First off, I'm 6 ft and .5 inch (184 cm) and I weigh around 95 kg. I've always dreamed of being able to dunk and I'm really getting close to it. Without a ball I can touch the rim with my wrist and I can also hang on the rim with 2 hands, jump a 360 and than hold on to the rim, reverse blabla. The only problem I now have is that I just lose the ball when I'm going up. I've searched everywhere for tips on this and I just can't find anything usefull on this. I'm losing it right at the point where I move my hand from an upward position to forcing the ball to the rim. The ball normally then lands against the backboard and ironically enough it then falls in the basket... 

That's why I want to ask you guys if you could help me out here. My technique is just off I think and it would be great if anyone has ideas that I could try out. I'm pretty dedicated to make my dream come true! 

Thanks in advance !


----------



## R-Star

Your hands probably aren't big enough to palm. I know mine aren't. 

Your best bet is to try to cradle the ball between your fingers and forearm, although that may put it too far back for you to dunk. 


Worth a try anyways.


----------



## Stephan2309

Well I think my hands are big enough. I can hold the ball for 5 or 10 seconds, but it does eventually slip. My hands are not like DeAndre Jordan, but I don't think that's the problem. I've tried cradling the ball, but then I normally fall on the ground when trying to dunk. Then I just can't get the ball over the rim at all..


----------



## R-Star

Stephan2309 said:


> Well I think my hands are big enough. I can hold the ball for 5 or 10 seconds, but it does eventually slip. My hands are not like DeAndre Jordan, but I don't think that's the problem. I've tried cradling the ball, but then I normally fall on the ground when trying to dunk. Then I just can't get the ball over the rim at all..


If your hands are big enough, maybe you just have to strengthen them.


Those old hand squeeze things people used to use work well. Can't think of the name of them but hopefully you know what I'm talking about.


----------



## Dornado

For whatever reason I always found that it was easier coming from the baseline... made it easier to cradle the ball on the way up, and for some reason I felt like it made it easier to get to the rim at the peak of my jump (which I needed, because even when I could dunk, it was just barely).


----------



## Stephan2309

I indeed have those hand grips and I haven't used them a lot lately. I'll try that as well from now on.. I tend to watch quite some basketball games and movies, so I suppose I have time to train my hands then !

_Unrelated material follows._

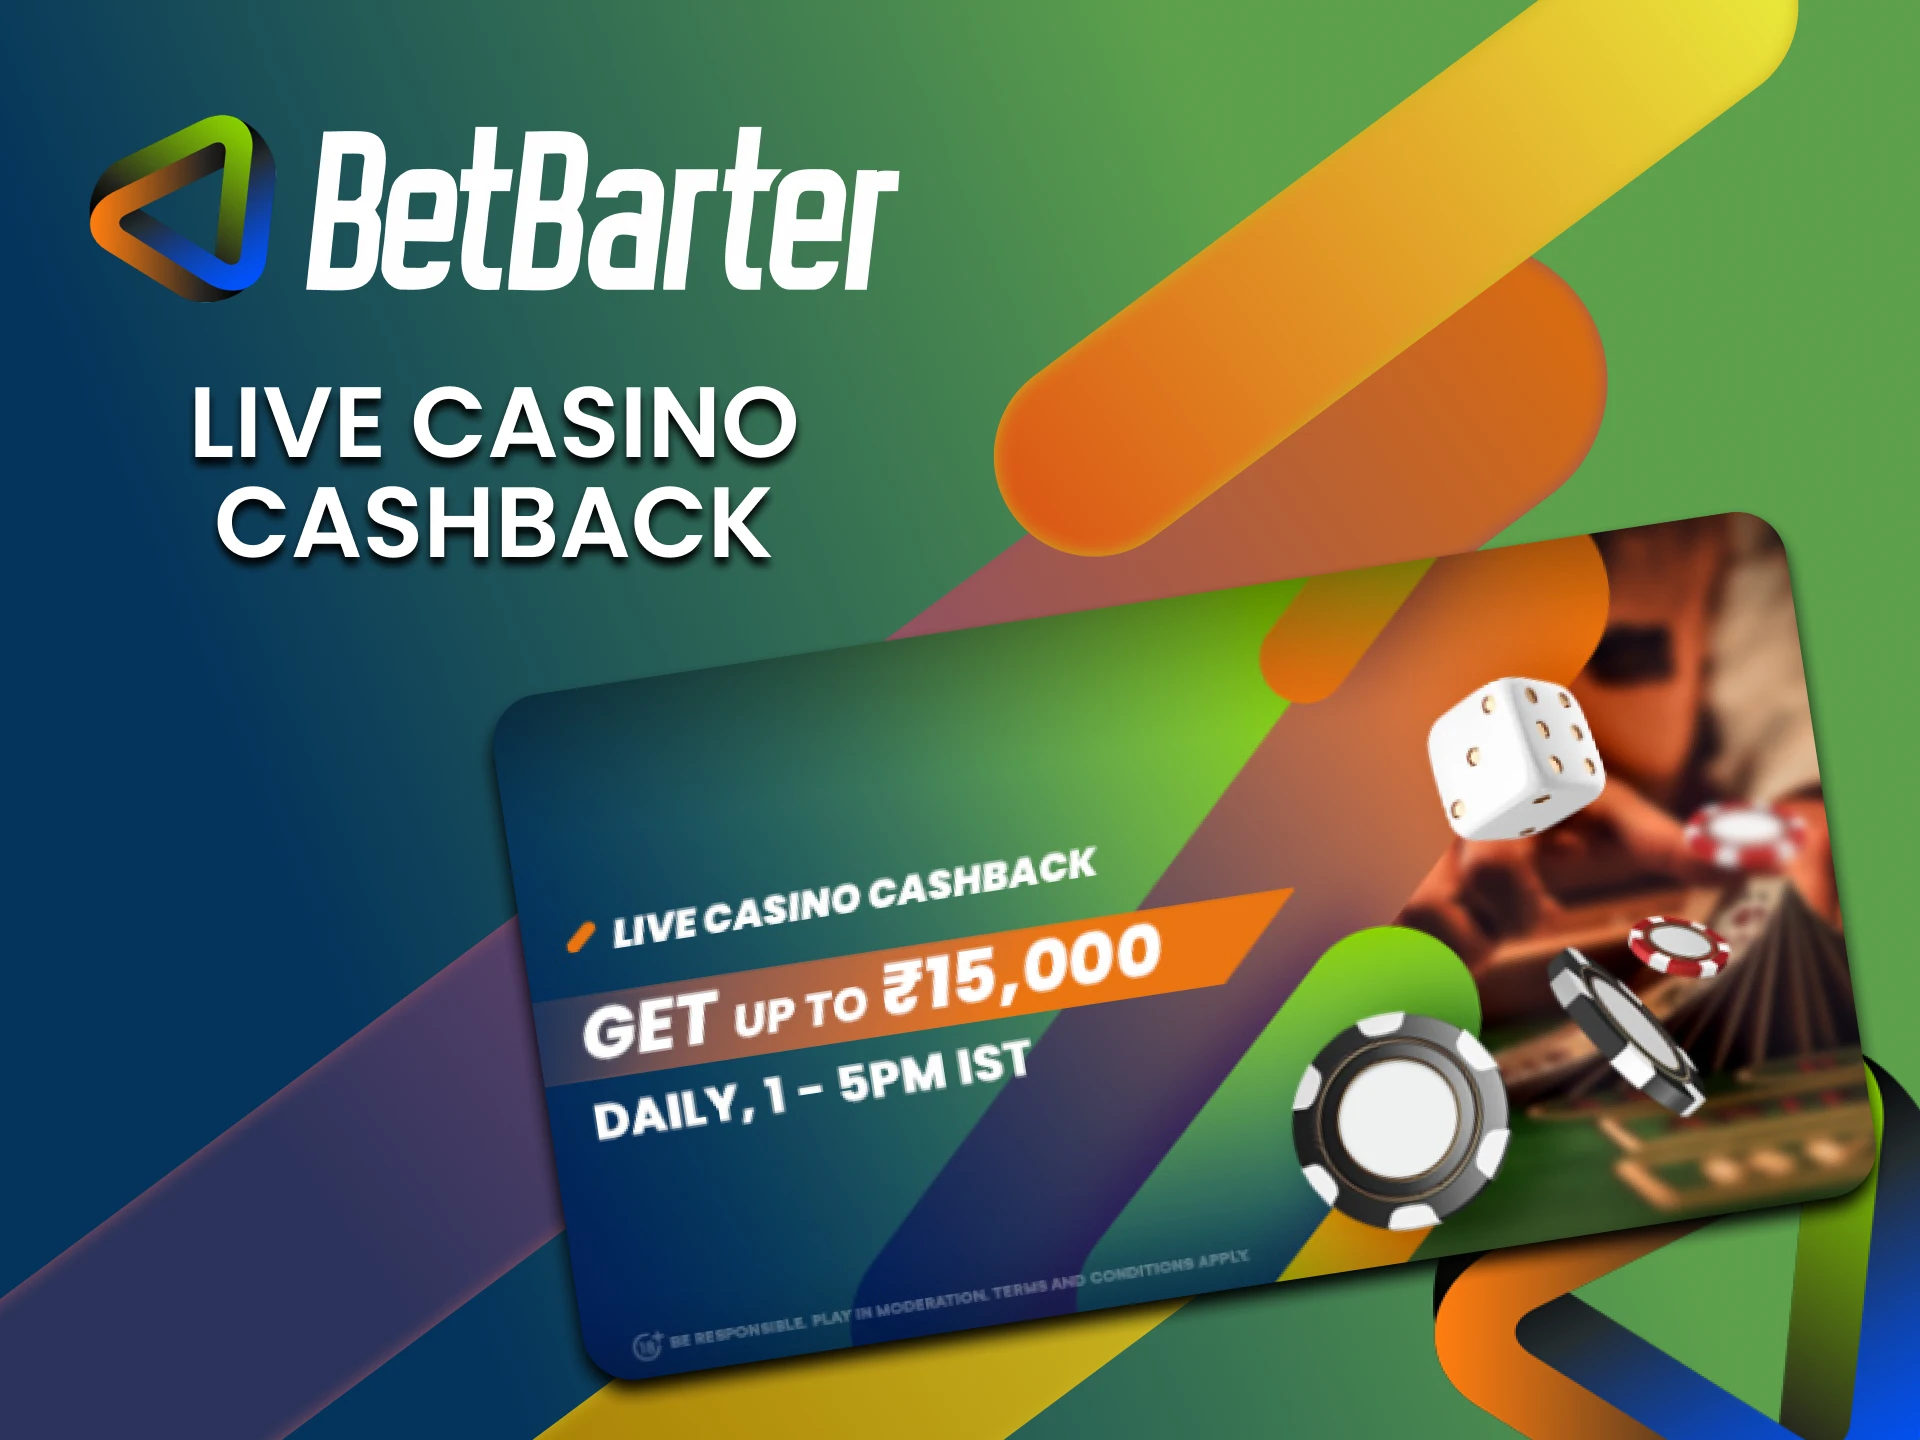 BetBarter gives a bonus in the form of cashback.

And I'll also try to dunk from the baseline, maybe that does indeed give a small edge. Psychologically speaking I can imagine that it feels easier that way.

Let's hope it will all work out and that I can dunk this season ! I'm also trying to lose a bit weight so I can maybe put on an additional 1 or 2 centimeters on my jumping height! Thanks for now and if there are more tips please tell me! I'm eager to try anything that might work!


----------



## dennis40

You would need to jump with the ball more so it get comfortable over time.


----------



## Krstic All-Star

Dornado said:


> For whatever reason I always found that it was easier coming from the baseline... made it easier to cradle the ball on the way up, and for some reason I felt like it made it easier to get to the rim at the peak of my jump (which I needed, because even when I could dunk, it was just barely).


I'll second that. The first time I ever dunked it was coming up from the left baseline with the ball in my right hand. I think I was turning slightly, which made me feel like I had a better grip on the ball.


----------



## Pacers Fan

How's your vertical off two-feet? You should be able to get up higher, but this might make you finish with two hands. Of course, getting two hands above the rim is more difficult than one, but theoretically you should be compensated by the extra lift you get, and controlling the ball with two hands should enable you to dunk without the ball slipping from your hands.


----------



## Stephan2309

If I jump off two legs my vertical jump decreases quite a bit. I'm not capable of getting high above the rim then..


----------



## Pacers Fan

You should work on perfecting your steps by getting a good plant with one foot, then the other, and really getting your body low so you can spring up. Theoretically you should be able to jump higher off two feet and longer off one foot.


----------



## Dornado

I always found it was easier to jump off of one foot because it was easier to get speed and upward momentum.


----------



## Pacers Fan

That's how most people are because one-footed jumping is more common and practiced. It takes a bit of time to really develop the steps to jump well off two feet. Dornado, look at your Derrick Rose .gif in your signature. That's a perfect example of how to jump off two feet.


----------



## Dornado

Yeah, I count that among the many things that Derrick Rose can do that I cannot.


----------